Other electronic resources included Glucksman Library E-resources, JSTOR, Thieme, and internet sites including Radiopaedia.org, Rheumatology.org, NICE.org.uk, and arthritisireland.ie. Printed sources included Journal of Rheumatology, European Journal of Rheumatology, Radiology, and Clinical Radiology. Grey literature included ResearchGate, British Society for Rheumatology, and Arthritis Research and Therapy. The search was not limited in Cochrane or Science Direct. Additional articles were found in the British Medical Journal, the Irish Medical Journal, ResearchGate, JSTOR, Thieme and reports from the Annals of Rheumatic Diseases, and EULAR. The abstracts of each peer-reviewed paper were evaluated to determine if they addressed ultrasonography, diagnosis, or detection of early rheumatoid arthritis. Clinical trials included in this review will be presented in a chronological order. Conclusions drawn from these studies and reviews are compared to determine an appropriate imaging modality for the early diagnosis of RA.
Exclusion criteria
Search terms yielded numerous results, and many were rejected due to irrelevance or non-specific to early rheumatoid arthritis diagnosis and ultrasonography. Any related conditions including juvenile arthritis, gout, SLE, osteoarthritis, polymyalgia rheumatica, and spondyloarthritis were excluded. The search was refined in PubMed by only using reviews which were written in English and published in past 10 years, solely human studies, and had full free text available. Searches for keywords were limited to the title/abstract to maximise relevant data.
Results
Earlier diagnosis and initiation of DMARDS
NICE guidelines recommend early detection of persistent synovitis and prompt commencement of DMARDS. Earlier detection of joint damage and earlier diagnosis of rheumatoid arthritis is now possible, through imaging modalities such as ultrasound and MRI, allowing repair and halting disease progression by novel therapeutic agents. The accessibility of biologics and DMARDS has prompted earlier initiation of therapy, enabling control of RA and joint preservation [81].
Kelly et al. [37] found that routine US in newly referred patients was associated with significantly earlier diagnosis and initiation of DMARD treatment. Ninety-two percent of their patients later clinically diagnosed with RA fulfilled the ACR/EULAR 2010 criteria at 12 months. A window of opportunity for remission occurs in the earliest stages of RA [82]. It is argued that US improves diagnostic certainty in new patients presenting with seronegative early arthritis [24, 31, 44]. This differs to the Pratt et al., (2013) study; they found that US as routine assessment in an early arthritis clinic did not add substantial discriminatory value for predicting RA.

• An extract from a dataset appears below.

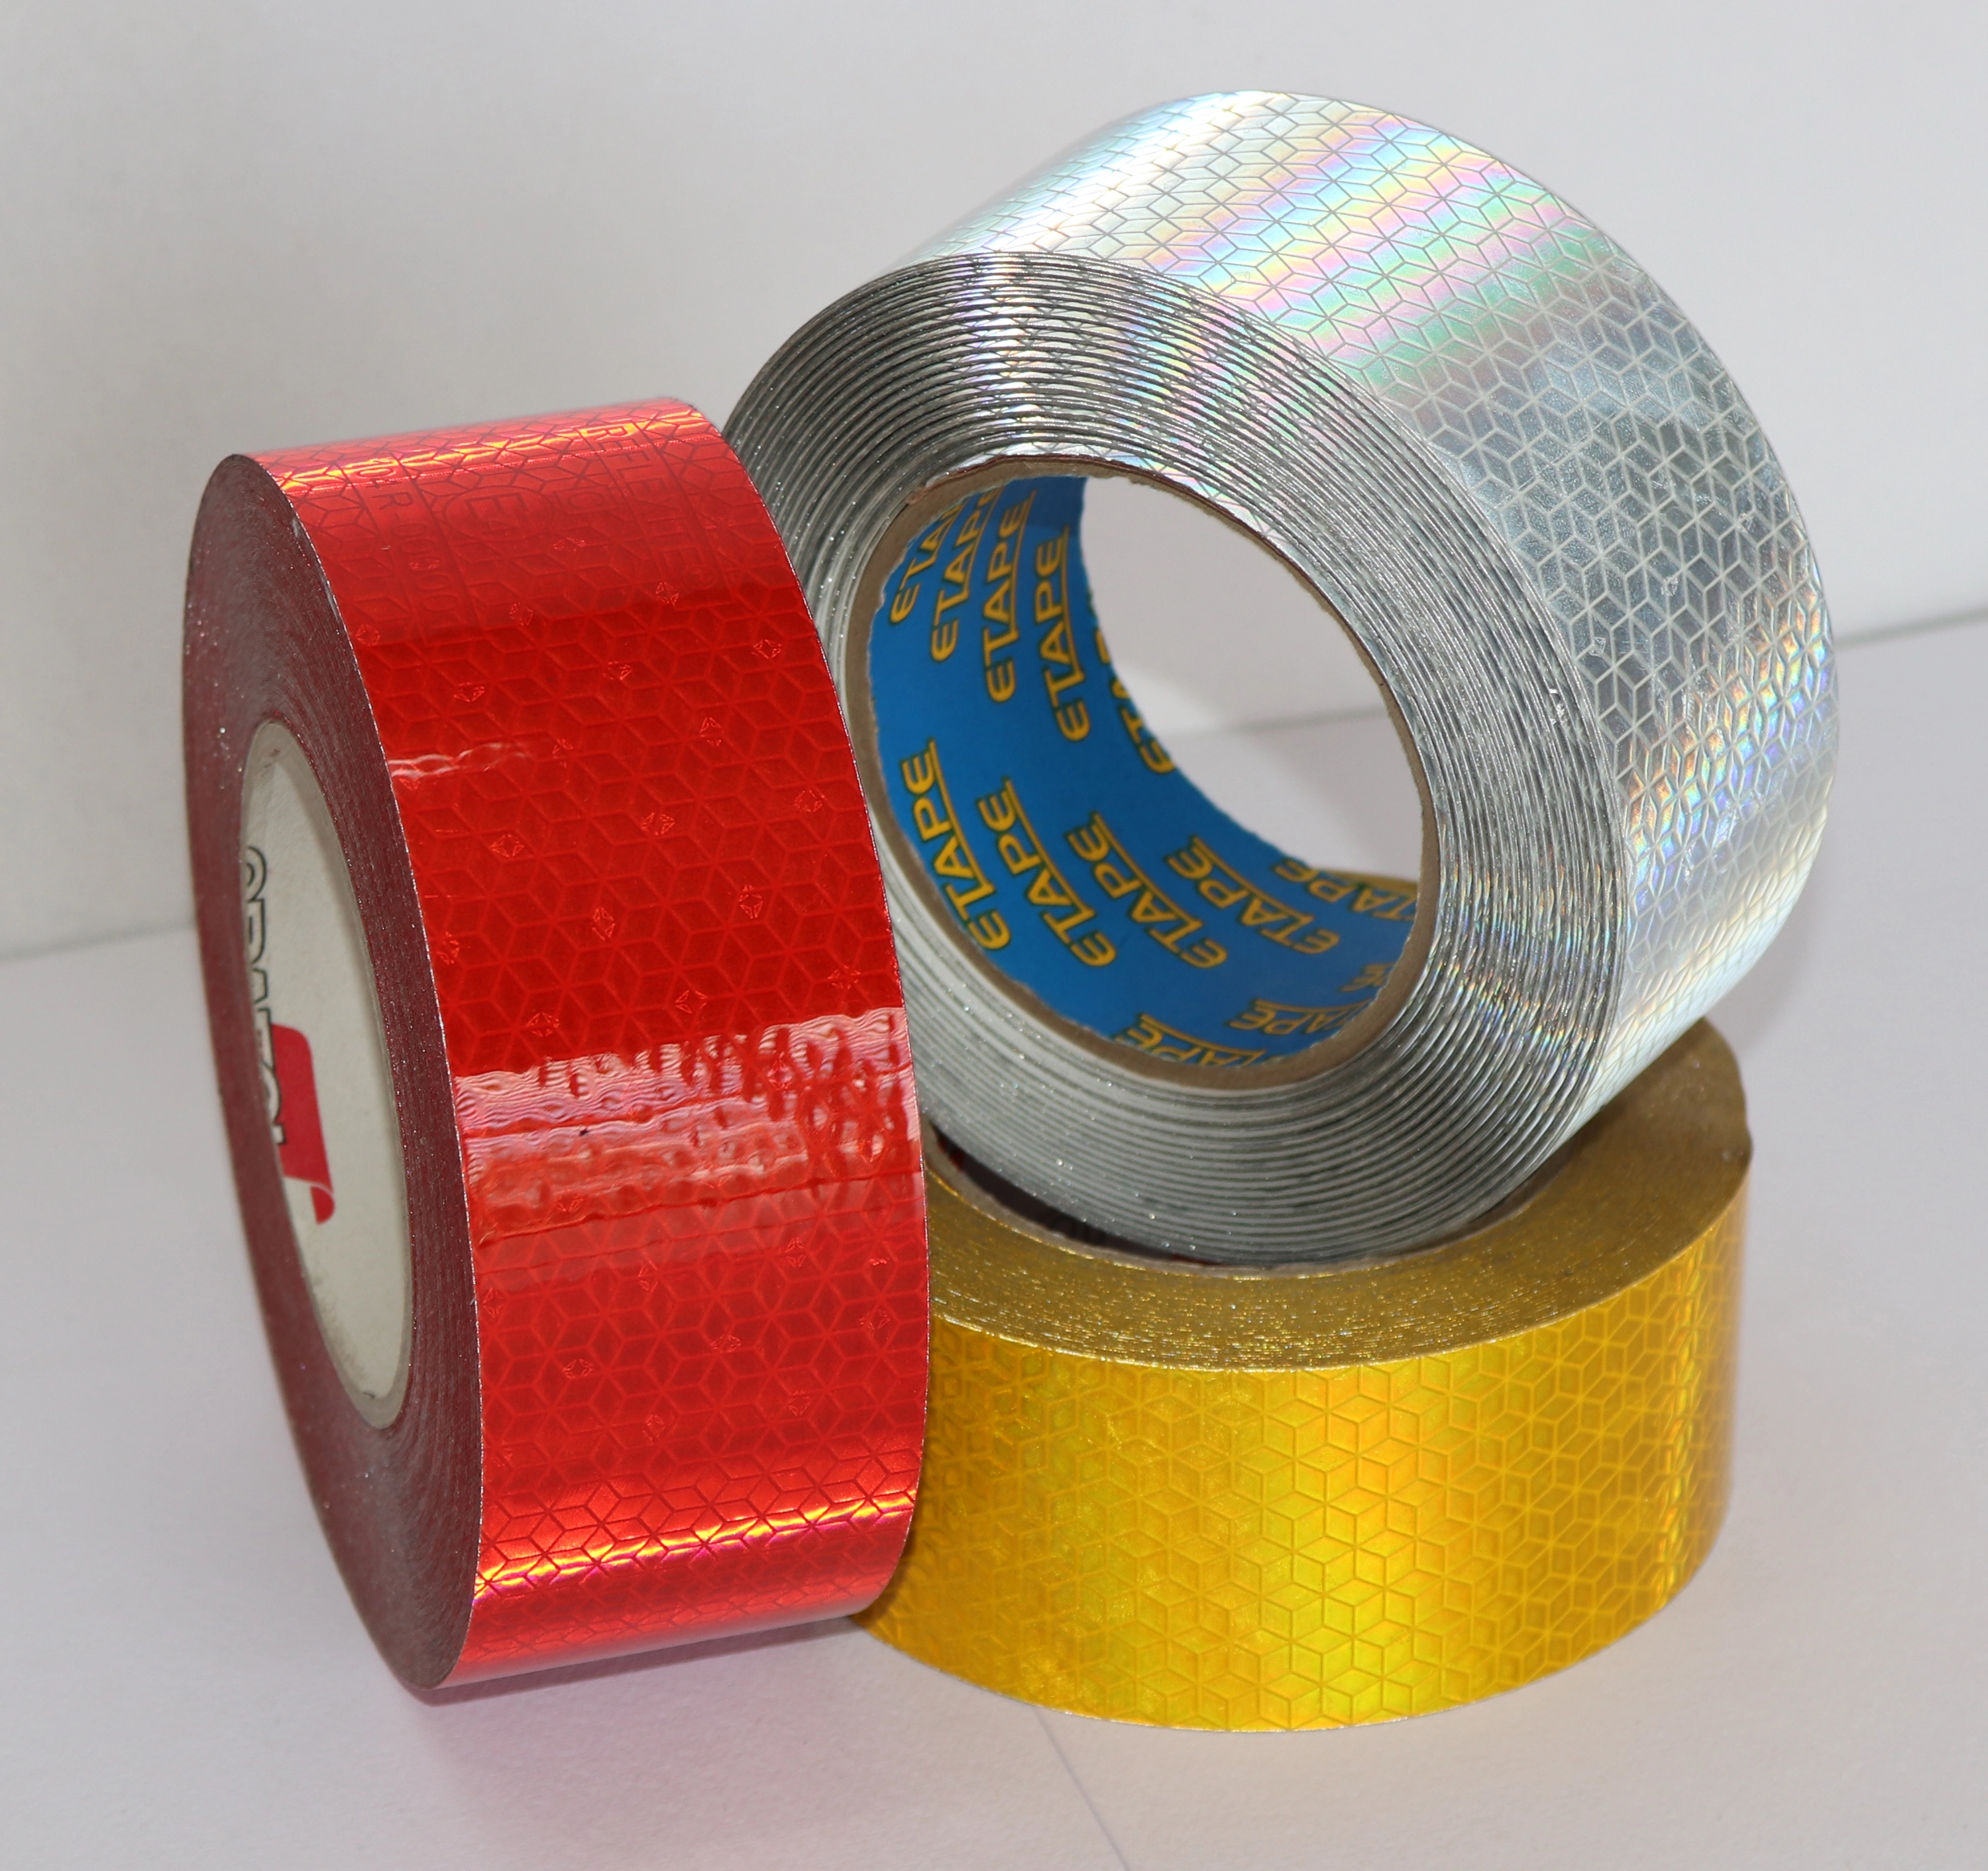 Reflective safety tape used for application onto trucks and trailers sold by Easitape

Evaluation of RA and quickly starting DMARD therapy has advantageous long-term clinical outcomes and socioeconomic benefits. Disease progression can be halted, with improved long-term functional and radiological outcomes. In addition to reduced clinical signs and symptoms of RA, early diagnosis improves long-term outcomes such as pain, structural damage, and disability [54].
Sensitivity and specificity
Studies that compare US and clinical examination have established a higher sensitivity and specificity of RA diagnosis using US [63]. Nakagomi [47] found that US assessment was more sensitive for detecting synovitis than clinical joint examination, (78% sensitivity for GSUS detected synovitis vs 58.5% sensitivity for clinically detected synovitis) thereby minimizing false-negative results and reducing missed diagnosis and loss of benefit of early DMARD treatment. Their study of 41 patients also provided a very specific assessment of synovitis (93.7% specificity for PDUS assessment vs 79.4% specificity for clinically detected synovitis), which is important to eliminate the risk of initiating DMARD therapy, with considerable adverse effects on patients who do not have RA. The NICE report quotes a requirement of sensitivity of > 90% for determining the diagnostic accuracy of US in addition to clinical assessment in diagnosing RA [52] (Table 1).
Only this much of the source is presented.